▶ _DATA SHOWN_
★ ★ ★ ★ ★

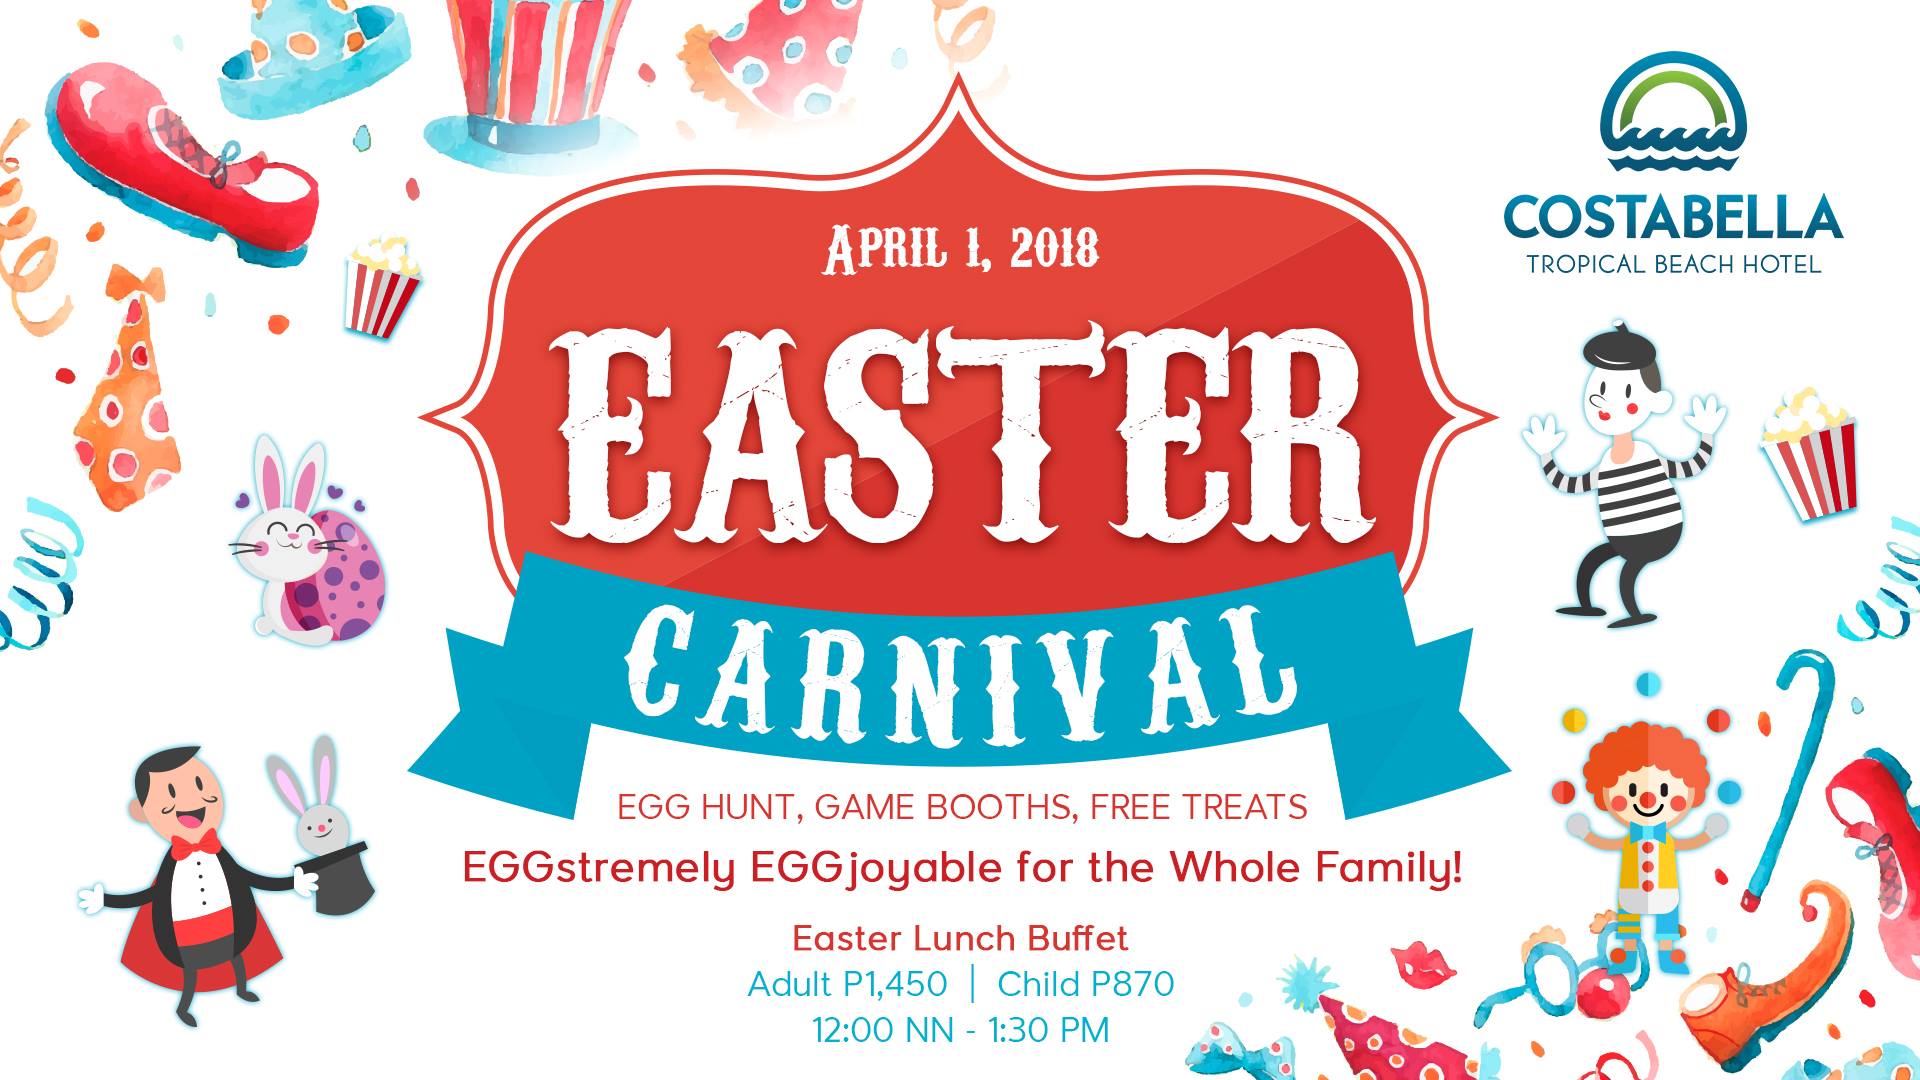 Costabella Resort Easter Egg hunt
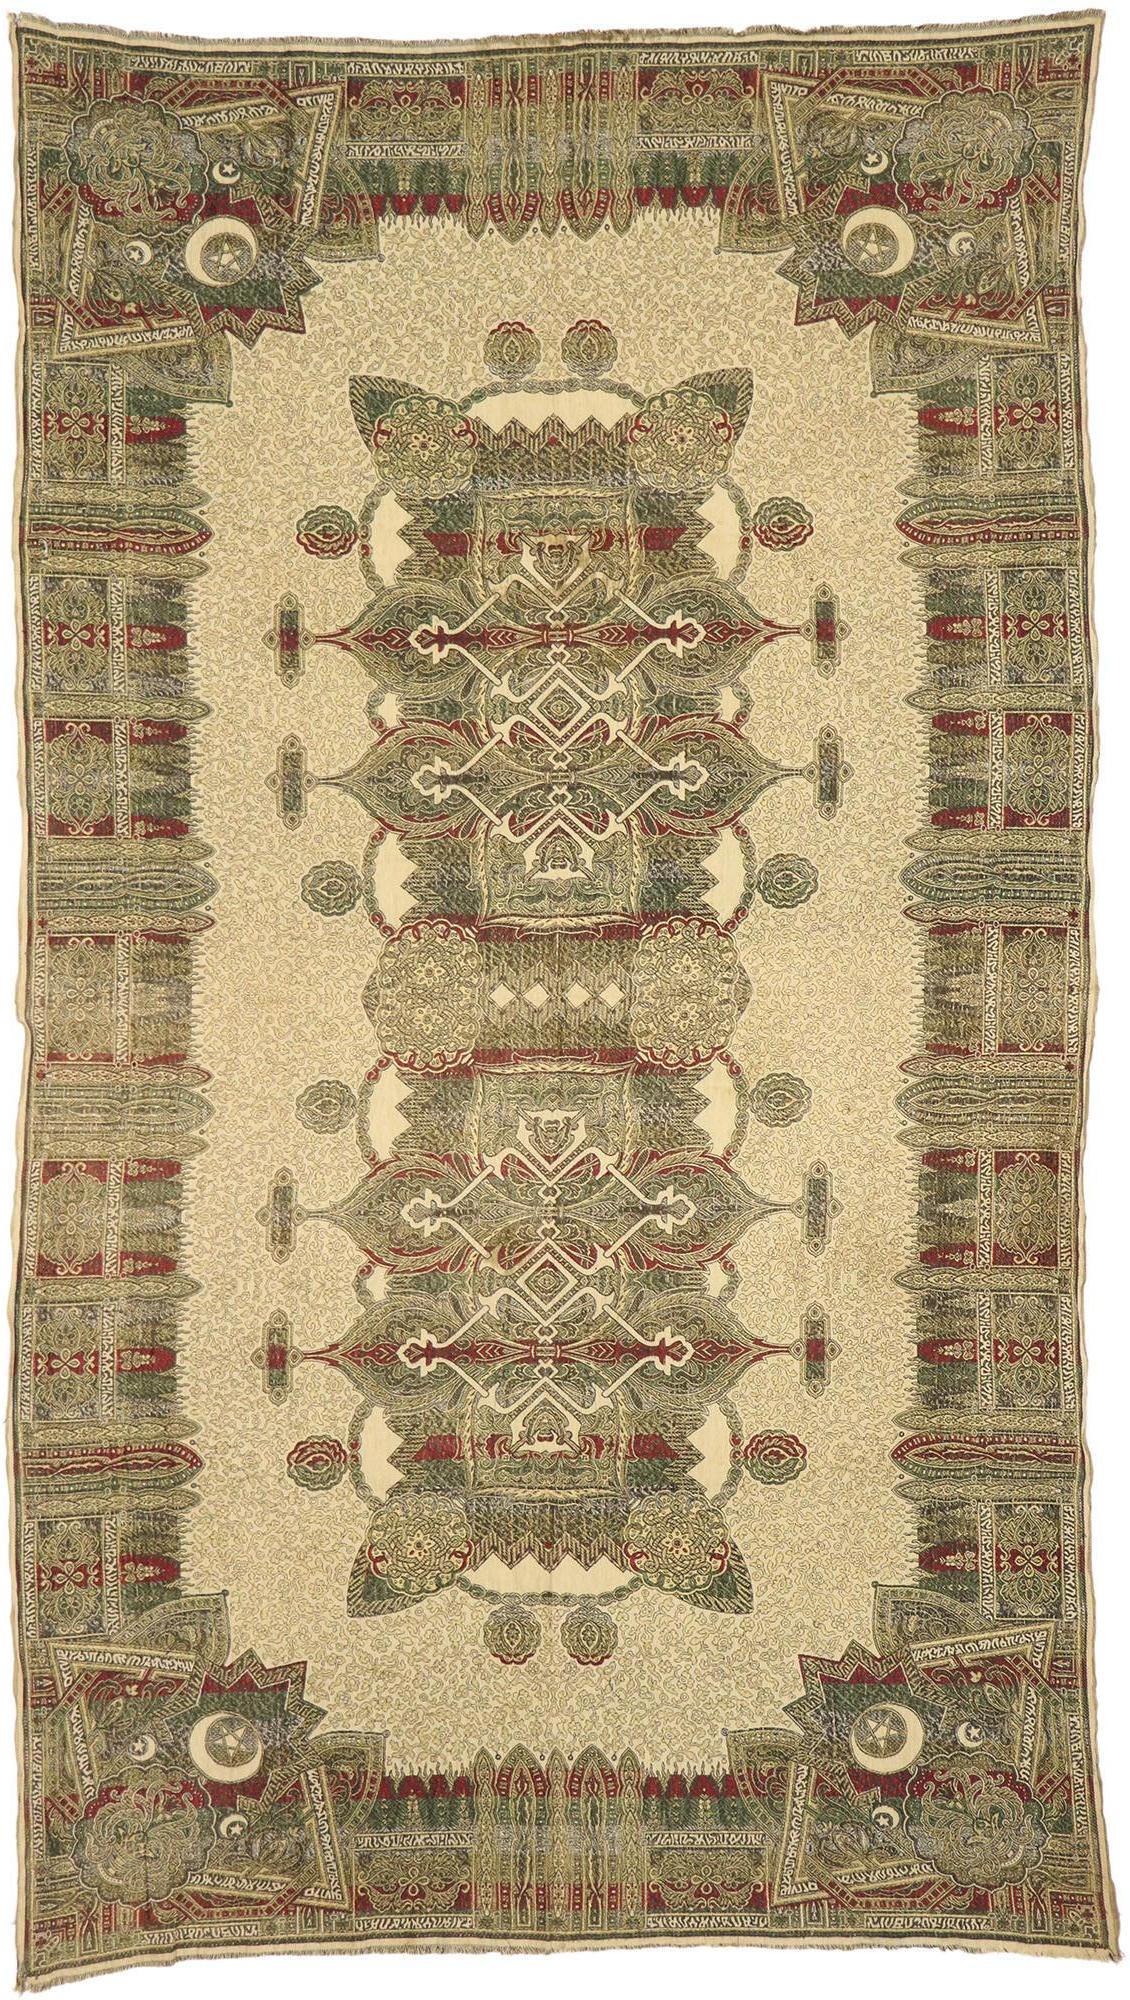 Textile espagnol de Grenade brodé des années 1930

★ ★ ★ ★ ★

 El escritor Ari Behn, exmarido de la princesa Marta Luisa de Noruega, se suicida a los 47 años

★ ★ ★ ★ ★

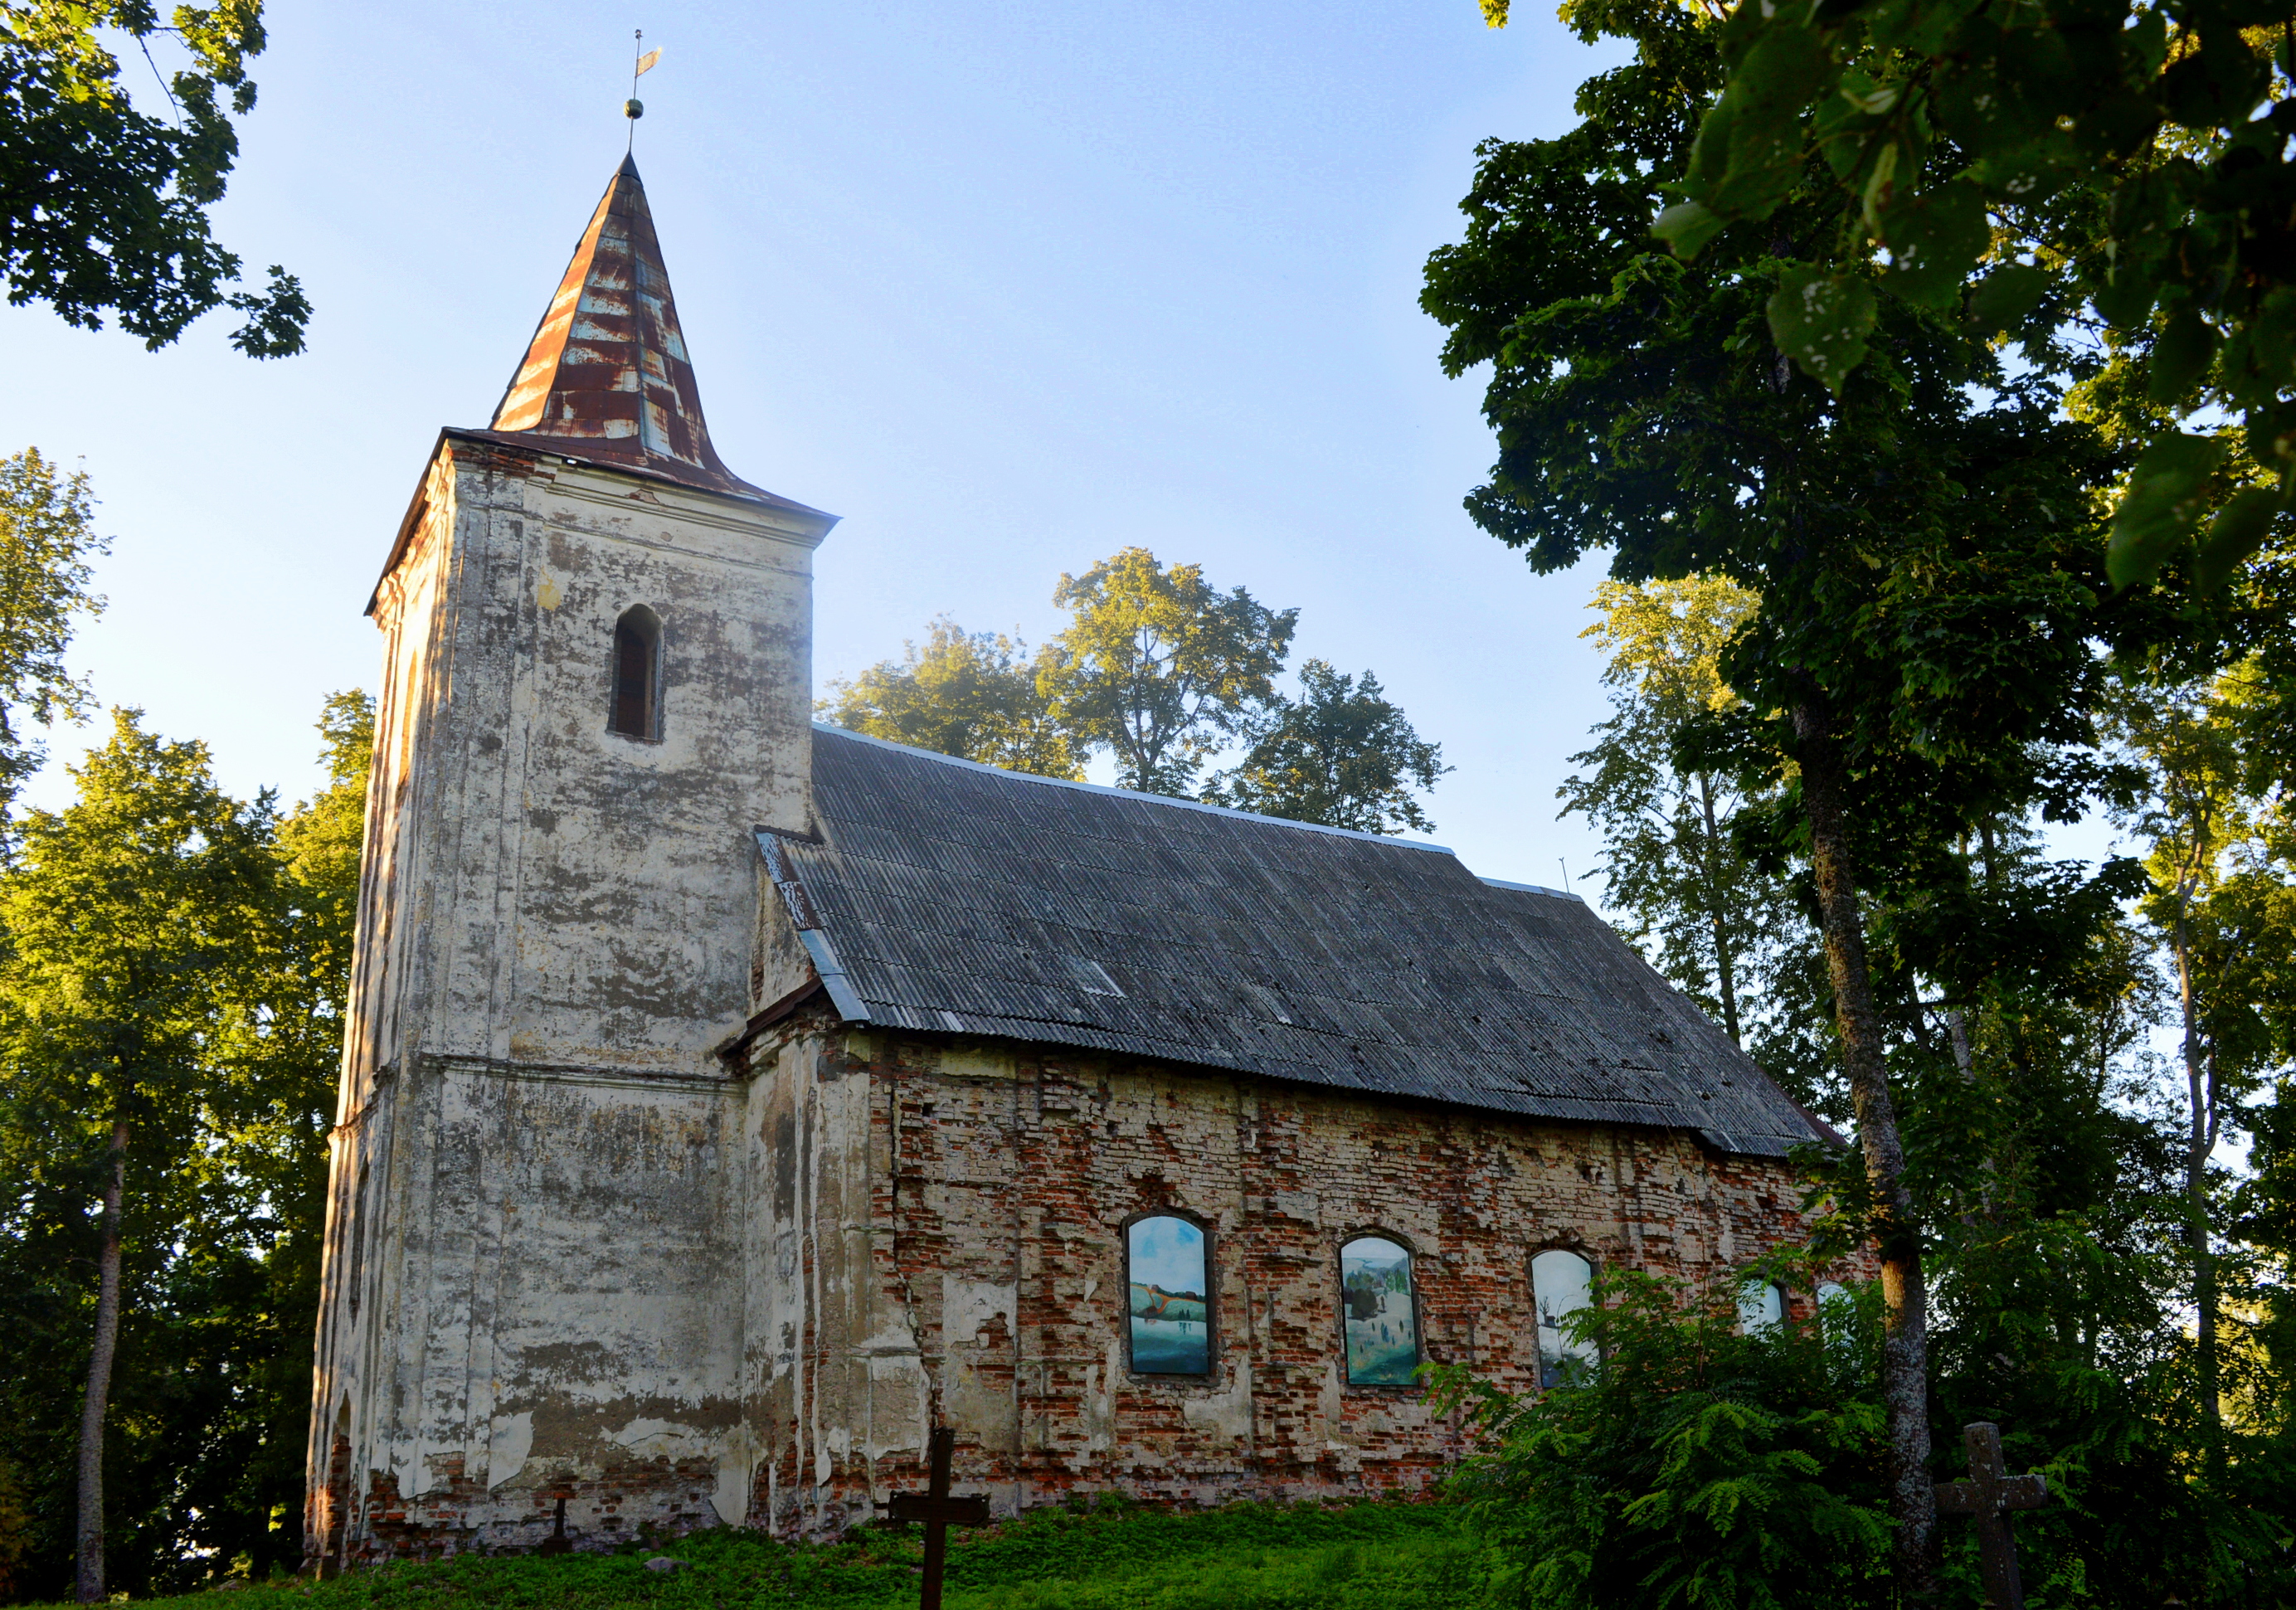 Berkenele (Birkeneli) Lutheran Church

★ ★ ★ ★ ★

Beginning with the line that contains "Costabella Resort Easter Egg hunt", write out the lines of the material above exactly, and end with the line that contains "Textile espagnol de". Omit the pictures.

▶ _ANSWER TO THE PROBLEM_
 Costabella Resort Easter Egg hunt
 Textile espagnol de Grenade brodé des années 1930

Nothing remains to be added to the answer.